MySQL – Performance Impact of Maximum TEXT/BLOB Columns per Table

database-designMySQLmysql-5.6performanceschema

I've created a system that generically imports CSVs into a database table with metadata columns for keeping track of when a CSV record has been changed, and it allows filtering on CSV columns instead of having to read the entire file each time. Right now, the structure of the table is essentially:

id, csv_id, hash, date_modified, column_0, column_1, ..., column_63, column_64

The columns are all VARCHAR(255) because I wanted the maximum number of columns with the maximum amount of size. My database is UTF-8, so each of the column sizes has to be multiplied by three and that value has to be below 65,535. This is the size of my current schema:

255 * 65 * 3 = 49,725

255 (*3) bytes is too small because URL columns might be stored in the database that can be up to 512 bytes or more. My question is if I made the current schema of:

column_0 (TEXT), column_1 (TEXT), ..., column_63 (TEXT), column_64 (TEXT)

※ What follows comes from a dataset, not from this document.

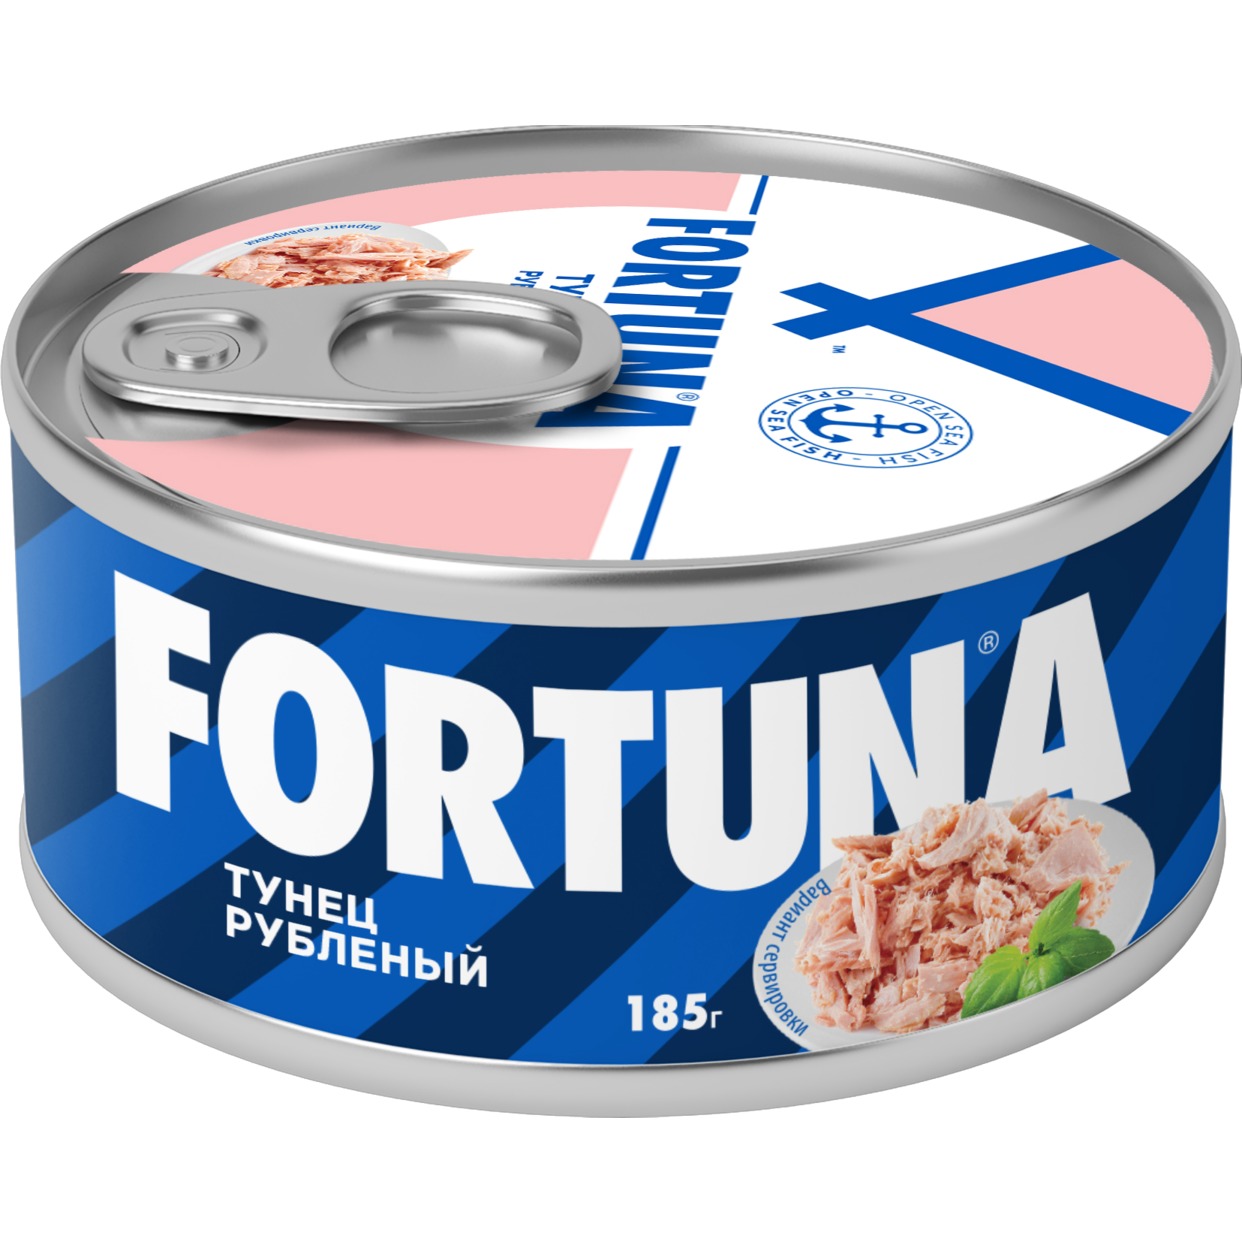 FORTUNA консервы рыбные стерилизованные тунец полосатый рубленый 185 г по акции в Пятерочке

Is there a maximum number of TEXT columns that can be on a database table? I'm using MySQL 5.6 right now but I'll be migrating the database to Amazon Aurora. My gut says the performance of this would be horrendous, and I do need to filter against the content of the columns.

If the performance hit isn't too large for a smaller subset of columns, I'm considering a hybrid solution:

id, csv_id, hash, date_modified, data LONGTEXT, column_0 VARCHAR(512), ..., column_19 VARCHAR(512)

Where data is a JSON array and the 20 columns are indices mapped elsewhere in the system, but if changing them all to TEXT (since the columns can be as longer, theoretically), how would a design of:

id, csv_id, hash, date_modified, data LONGTEXT, column_0 TEXT, ..., column_19 TEXT

Differ?

Best Answer

If you lump all the column_## columns into a JSON field, you can have a limit of 4GB.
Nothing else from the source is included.